Yeah. I need to finish assembling my 2 other tactical squads and pick up a devastator squad + arm with HK missiles for vehicles. I'll use army men stand ins for the devastators I guess until I buy them and see what happens.

Although I know the boards have a size at the GW shops, I honestly don't mind the challenge. As far as the models are, its an extremely difficult challenge for me to face his army. But you learn a lot from playing games like that as well. Aside from building upon my future heart attack(s) ever so steadily.

Good thing these are practice games. It's helping me a lot but I just need to blow up those homies in the fire prisms so I can have my way with his squishy eldar infantry. Well...if they are female that is. Otherwise I'll just blow them up.

On second thought I'll just blow them all up. Ill let you know what happens with the damned fire prisms.


----------



## Steel Nathan (Apr 26, 2008)

Grik said:


> Not true. Only the Fire Prism that will do the actual firing has to be in range of the enemy unit it will be firing at. To use the twin-linked ability, the contributing Fire Prism just has to be in Line of Sight of the firing Fire Prism. Page 43 of the Eldar Codex. It does give up it's own chance to fire when contributing though. Steel Nathan was wrong!?! :shok: Run for your lives, the sky is falling! :laugh:
> !


That's what I meant, with each other. I should've been more clear. 
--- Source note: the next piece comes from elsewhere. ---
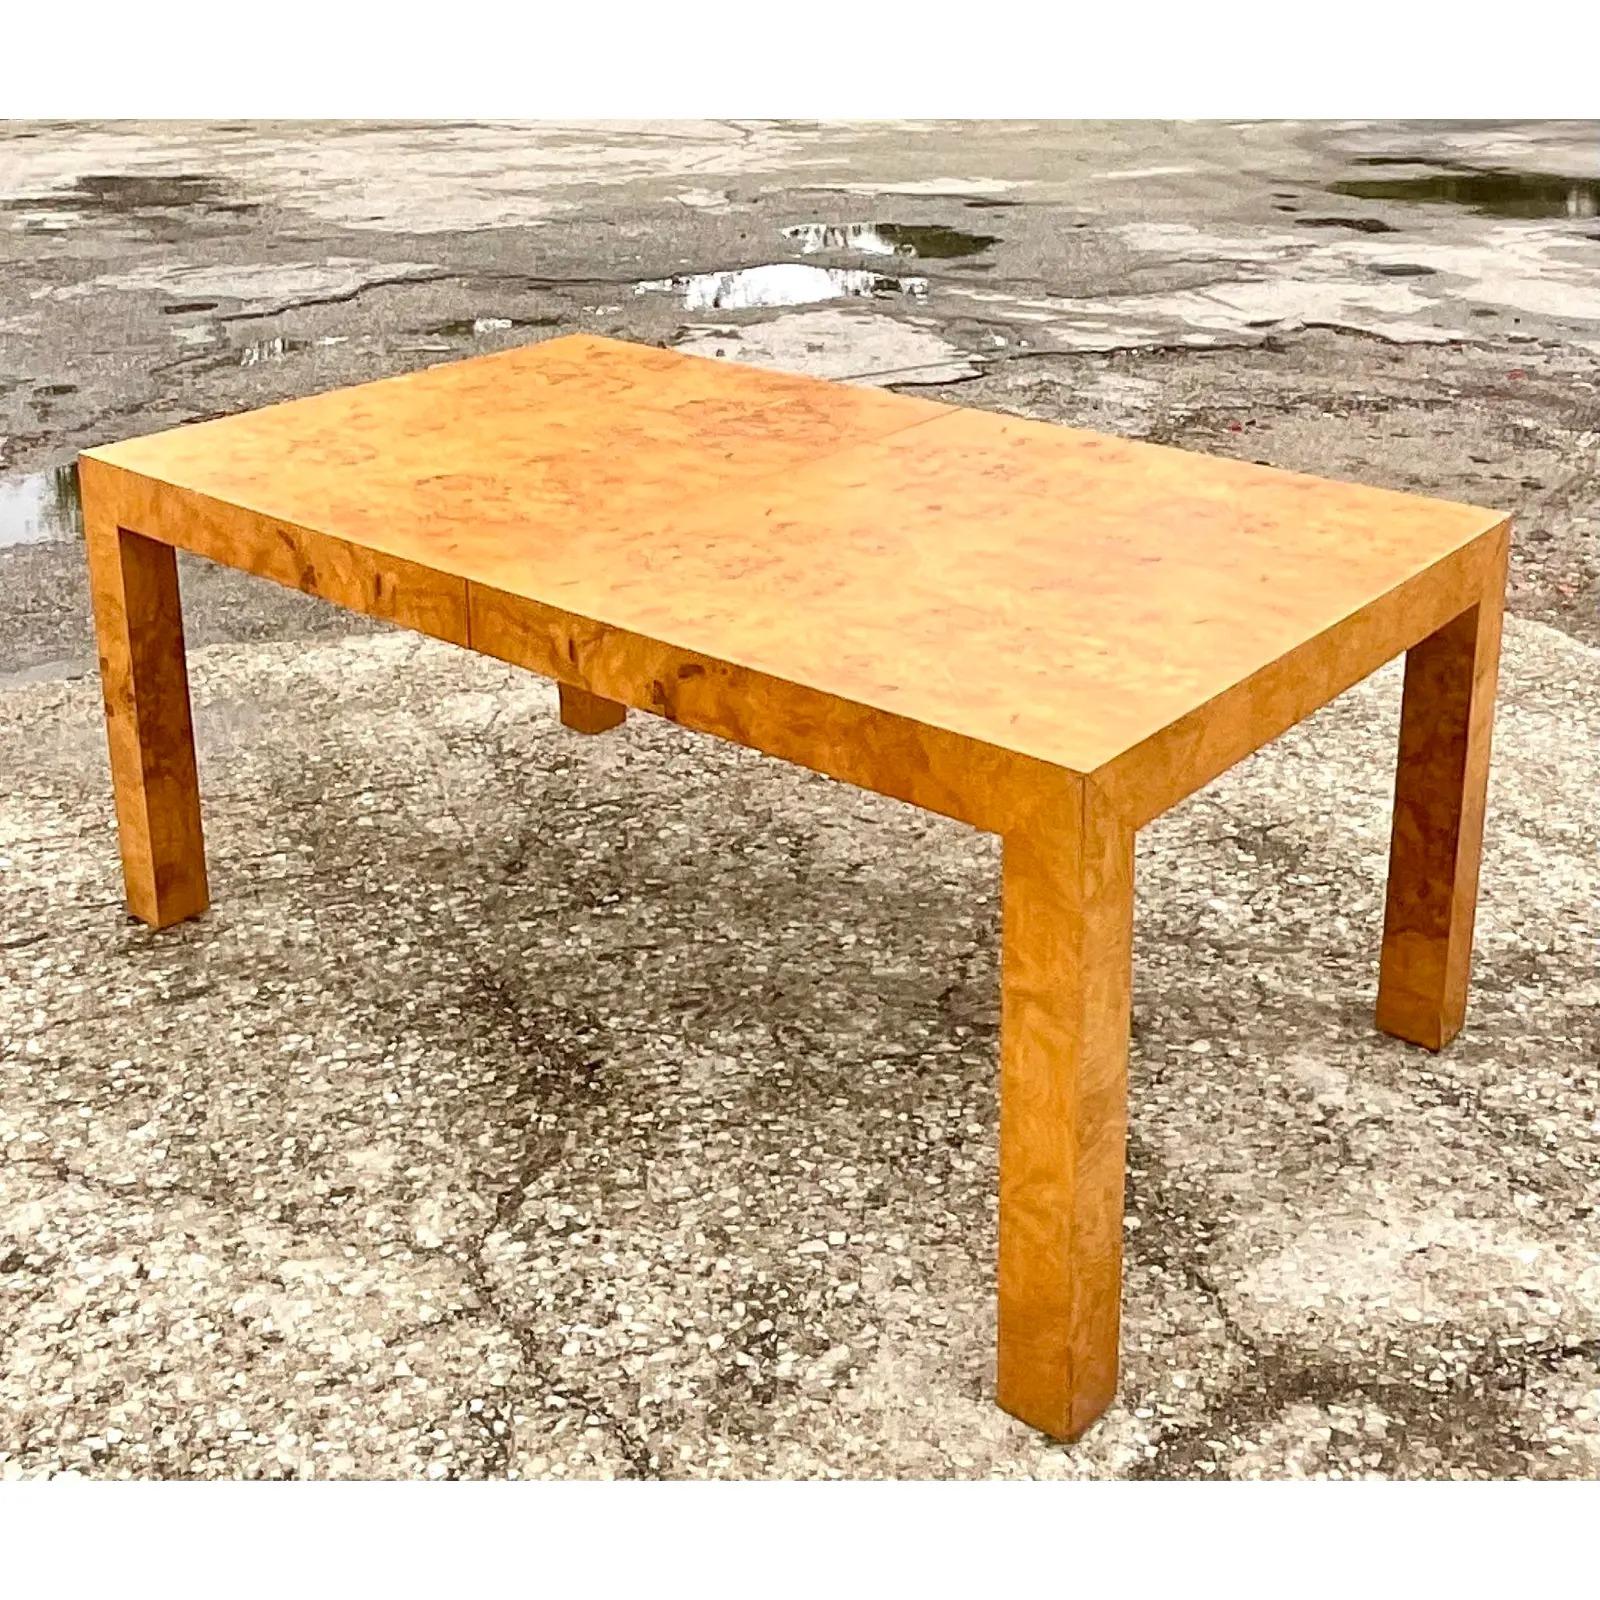 Incredible vintage MCM lane dining table. Beautiful book matched Burl wood makes this a really striking addition to any décor. Two large leaves make it an enormous table for entertaining.

Meh, wasn't the first time I'd be wrong, and it definitly won't be the last time...

There's a big difference then playing on the floor where you can go pratically anywhere, and playing on a gaming table. On a table, you should be able to hit him with your missiles and such. I feel like such an ass now (because I play Eldar ).


----------



## Grik (Jul 28, 2008)

Steel Nathan said:


> That's what I meant, with each other. I should've been more clear.
> 
> Meh, wasn't the first time I'd be wrong, and it definitly won't be the last time...


Lol
It's all good mate. I figured that's what you meant, just wanted to clarify it for everyone else. Don't want people playing with the wrong rules. Besides being wrong is what makes you a gamer, IF you can RECOGNIZE you were wrong. You learn from your mistakes, and become a better gamer. And alot of those mistakes are rules mistakes, IE how you think the rule reads vs how your opponent thinks the rule reads.


----------



## Pauly55 (Sep 16, 2008)

First of all, 40k is designed (and balanced) with the assumption that you will play on a 4x6 or 4x8 sized table edge. Larger tables will always favor the army that has a longer range. If we were playing on 4x20 tables, IG would be the best army, and basilisks would be the most powerful unit in the game. 

That being said, this table size puts you at a disadvantage against the fire prisms. You say you don't care and enjoy the challenge, but that's clearly not true since you are so frustrated from the enemy units which can take advantage of the table size.

Now to kill them:
Don't use HK missles. With 5e damage charts you have a very small chance of destroying them, about 7% per missile. Of course, really, you would only need to get a weapon destroyed result to make them useless, so that takes it up to around 15%.

My vote goes to a dread with a multimelta in a drop pod. these have a really good chance of destroying it with the multimelta, and they aren't one shot wonders. A dread in your backfield always sucks.


----------



## Holmstrom (Dec 3, 2008)

I always respect a challenge. Always. The second you lose respect is the second you lose forever. But whether I become frustrated or not from my lack of models is something else entirely. The respect remains regardless.

I'll be improvising with my models next time I play to see what happens.

However if the game is designed to be played on a smaller board where I would be within range with my lascannons in one move, then I would have a considerably better game on my hands. That alone may further my odds since the problem is just getting in range without the fire prisms retreating.


----------



## darklove (May 7, 2008)

If you have an infinite size play area then you will never force infantry off the table, they will just keep running and shooting and won't ever count as a kill point...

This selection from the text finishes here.